The taxpayer owned real property in Spain. This property was sold during the income year and the taxpayer received a net capital gain.
The taxpayer paid Spanish tax on the amount of the net capital gain.
Reasons for Decision
Section 6-10 of the ITAA 1997 provides that a taxpayer's assessable income includes statutory income amounts that are not ordinary income but are included in assessable income by another provision. The assessable income of an Australian resident includes statutory income from all sources, whether in or out of Australia. (subsection 6-10(4) of the ITAA 1997)
Section 10-5 of the ITAA 1997 lists those provisions about assessable income. Included in this list is section 102-5 of the ITAA 1997 which provides that a net capital gain is to be included in assessable income.
In determining liability to Australian tax on foreign sourced income it is necessary to consider not only the income tax laws but also any applicable double tax agreement contained in the International Tax Agreements Act 1953 (the Agreements Act).
Section 4 of the Agreements Act incorporates that Act with the ITAA 1997 so that those Acts are read as one.
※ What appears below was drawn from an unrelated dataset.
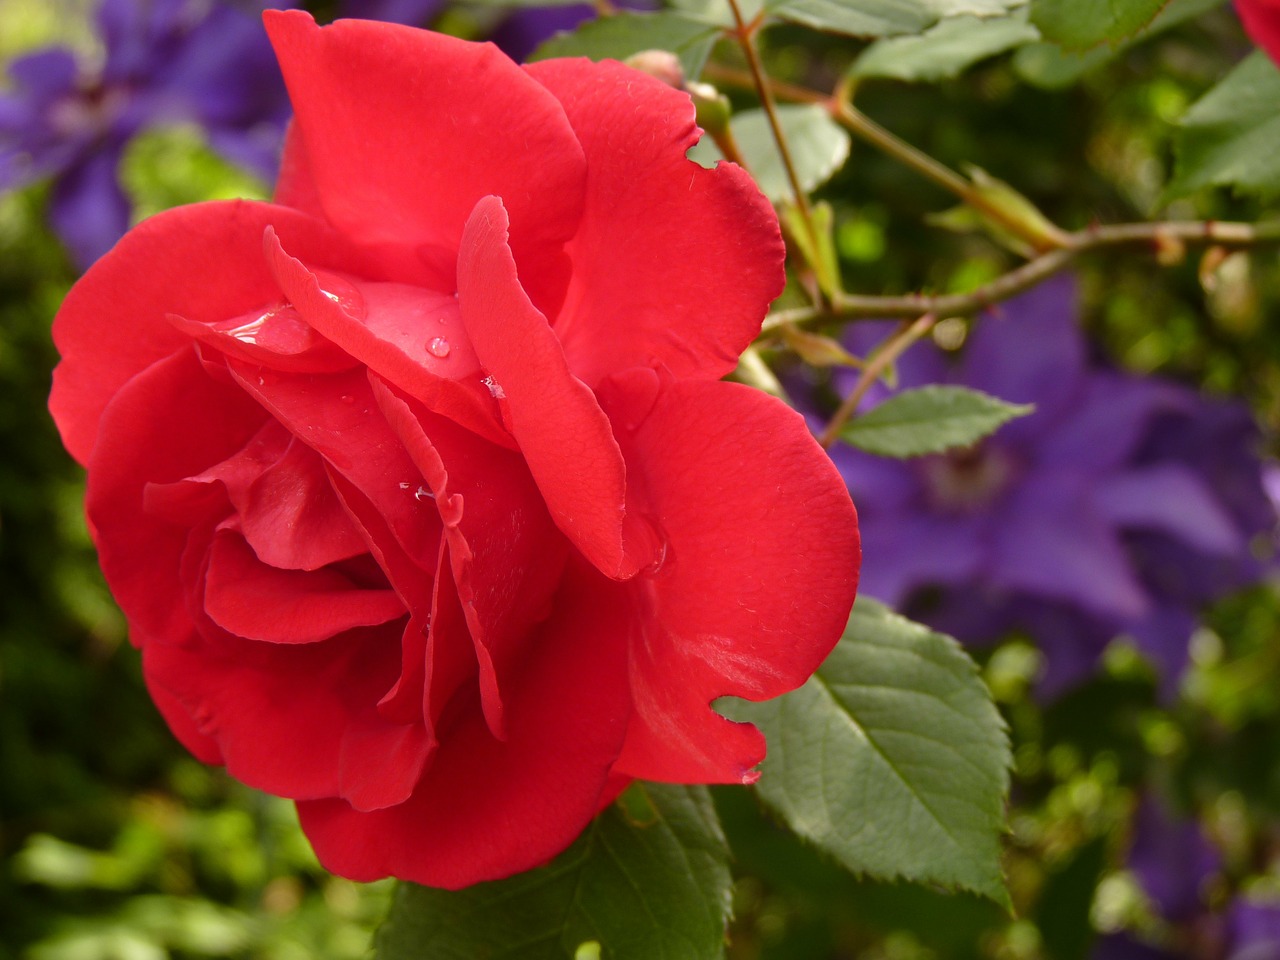 Image - rose blossom bloom red rose

The Agreement Act effectively overrides that ITAA 1997 where there are inconsistent provisions (except for some limited provisions).
Schedule 39 of the Agreements Act contains the double tax agreement between Australia and Spain (the Spanish Agreement). The Spanish Agreement operates to avoid the double taxation of amounts received by Australian and Spanish residents.
Article 13 of the Spanish Agreement deals with alienation of property. Paragraph (1) of Article 13 provides that income or gains derived by a resident of Australia from the alienation of real property situated in Spain may be taxed in Spain. The Spanish Agreement does not exclude the net capital gain from being taxed in Australia and it may therefore be taxable in both countries.
Paragraph (1) of Article 23 of the Spanish Agreement provides that, subject to the provisions of the law of Australia, a credit for any tax paid in Spain will be allowed against Australian tax payable on income from Spanish sources.
Subsection 160AF(1) of the Income Tax Assessment Act 1936 (ITAA 1936) provides that where the assessable income of a resident contains foreign sourced income and foreign tax has been paid on that income a foreign tax credit will be allowed. The foreign tax credit allowed against Australian income tax is the lesser of: • the amount of that foreign tax paid, reduced in accordance with any relief available to the taxpayer under the law relating to that tax, or • the amount of Australian tax payable in respect of the foreign income.
The net capital gain received by the taxpayer forms part of their assessable under section 6-10 of the ITAA 1997. As foreign tax has been paid in relation to this net capital gain a foreign tax credit will be allowed. Note: If the foreign tax paid on the net capital gain is less than the Australian tax payable the taxpayer will be entitled to a full credit for the foreign tax paid. Where the foreign tax paid is greater than the Australian tax payable, the taxpayer is only entitled to a credit equal to the value of the Australian tax payable and cannot recover any excess foreign tax paid. However, any excess foreign tax credit may be carried forward for a maximum of five years for application against future tax payable on the taxpayer's foreign income provided the requirements of section 160AFE of the ITAA 1936 are met.